O inglês também desenvolveu uma série inusitada sobre morcegos, entre outros bichos menos populares. Os ângulos inesperados e sua técnica aprimorada ajudam a revelar os detalhes e a beleza das criaturas mais estranhas. Suas imagens já foram parar em vários títulos importantes, como a revista "National Geographic", a mais tradicional a lidar com ciências naturais e diferentes culturas.
Apaixonado por cachorros, Flach desenvolveu "Dogs" por acreditar que os caninos têm cada vez mais importância para a vida do homem moderno. "Quando a maioria da população morava no campo, havia um convívio intenso dos humanos com diversos animais, como cavalos, galinhas e...cães. Hoje, nos restam os últimos, por serem os bichos mais domesticáveis que existem", disse à Serafina.

Perros. Por que tê-los?

Por Fred Melo Paiva
Criar cachorro é uma coisa estranha –tão bela como as imagens de Tim Flach, tão estranha como elas. Porque com o cachorro você despende dinheiro, tempo, atenção, cata cocô, limpa pêlo, escuta o vizinho reclamar. Ganha-se um amigo– mas não haveria maneira menos trabalhosa de se conseguir um?
Há uma questão inconfessável que volta e meia atormenta o sujeito que comprou ou adotou um cachorro: por que eu fiz isso comigo mesmo? É mais ou menos como aquele outro que adquire um sítio. Passados seis meses, vendo-se envolto numa trabalheira danada, não há 4x4 que o retire de sua lama existencial. Nesse momento dispõe-se a entregar tudo ao preço da bananeira da horta. É um tipo de coisa que não se cogita no caso do cão, porque por ele nutrimos um quase inexplicável afeto –e, salvo desonrosas exceções, não tem negócio: não damos, não vendemos, não trocamos. O que torna ainda mais insondável nosso secreto questionamento: por que eu decidi criar um cachorro?
Tenho vasta experiência com as agruras de criador de cachorros. Log ficou paraplégico aos 5 anos e tinha de ser massageado na bexiga três vezes por dia para urinar.

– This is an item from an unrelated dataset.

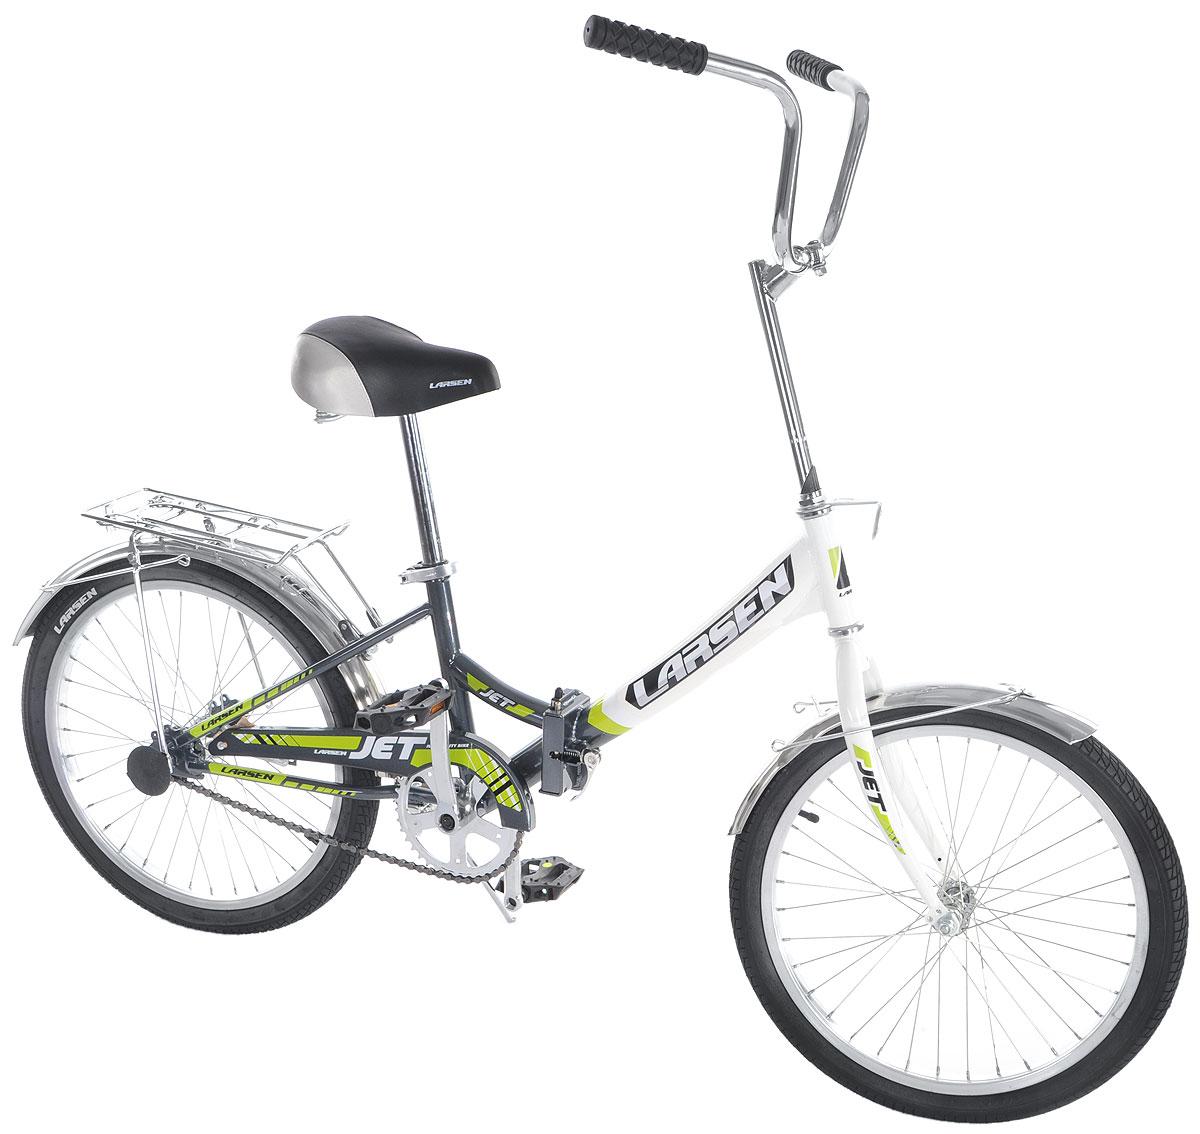 Велосипед Larsen Jet 20, цвет: белый, серыйMHDR2G/AВелосипед Larsen Jet 20 - это складной подростковый велосипед, который станет прекрасным подарком для вашего ребенка. Велосипед идеально справится со своим прямым предназначением - катанием по асфальтированным и грунтовым дорогам. Модель прекрасно сконструирована: современный яркий дизайн, безопасность, удобная форма рамы - вот ее главные преимущества. Благодаря полноценной защите цепи, исключены попадание в цепь одежды и малейшая возможность случайно поцарапаться. У данной модели качественная, прочная, легкая и удобная рама из стали с жесткой вилкой, которая менее подвержена механическим повреждениям и коррозии в сырую погоду. Конструкция рамы - складная, это позволит компактно перевозить велосипед и хранить его в квартире. Мягкое подпружиненное седло велосипеда и руль регулируются по высоте, что придает комфорт, делая прогулки по городу более удобными. Колесадиаметром 20 дюймов с покрышками Wanda и алюминиевыми ободами обладают хорошей маневренностью, ускорением и накатом. Ножной педальный тормоз отличается предельной простотой в использовании и надежностью. Чтобы привести его в действие, нужно вращать педали в обратную сторону. Велосипед оснащен полноразмерными крыльями, которые спасают от грязи, что делает его еще более практичным. Приятным и полезным дополнением служат подножка и багажник. Подростковый велосипед Larsen Jet 20 послужит идеальным спутником для отважных велосипедистов, предпочитающих активный образ жизни.Количество скоростей: 1 шт.Размер колес: 20 дюймов. Резина: Wanda p1079.Втулка передняя: fr-03 сталь.Втулка задняя: cf-e10 сталь.Тормоза: втулочные, ножные.

Cajango comia o jornal que o motoboy arremessava no quintal. Cajango e Malva eram muito grandes, e quando ela entrava no cio eu me sentia impotente. Tiveram 35 filhos. Dei 34 e só consegui vender um, a duras penas.
Mais tarde Cajango teve um câncer no baço. Gastei os tubos para retirá-lo, tendo depois de carregar a sacola com esse baço pela Cidade Universitária, para que fosse feita uma biópsia. Logo o câncer atingiu o fígado e Cajango foi sacrificado. Morreu com a cabeça nas minhas mãos, uma cena e tanto. Sem exceção, foram companheiros que tiveram respeito pela imprensa: jamais defecaram sobre o jornal. Da mesma forma que jamais fizeram outras coisas que seriam louváveis fazer no caso de você ser cachorro.
Dotado de minha expertise no manejo insustentado desses animais, dirijo-me ao parque Ibirapuera para arguir os bípedes: por que você comprou um cachorro? Por que fez isso com você mesmo? "Porque meu pai tinha morrido", explica a gerente de marketing Renata Figueiredo, 36. "Eu precisava de alguma alegria, e o Otto veio me trazer isso." Otto é um bulldog de 6 meses que tem fetiche por pés: sapato, tênis, meia, pé de cadeira – o Otto traça tudo. "O que um cachorro nos dá é muito mais do que despendemos com ele", defende o produtor musical Edson Guidetti, 44, dono da vira-lata Nina, 4. "Passei 8 anos sem ter um cão e me tornei uma pessoa pior", diz. "Quem tem cachorro tem as emoções mais transparentes."
O analista de sistemas Rafael Pereira, 24, é casado com a estudante de direito Andressa Vieira, 22. Não têm filhos a não ser a Pati, uma schnauzer de 5 anos. "Ela não veio planejada, mas virou membro da família e então a gente não fica olhando o trabalho que dá", esclarece Rafael. "O grande lance do cachorro é que para ele está sempre tudo bem", conclui Edson, "e essa atitude nos mostra que a vida é possível assim". Perros. Por que tê-los? Porque humanizam nosotros? Se é assim, tá valendo.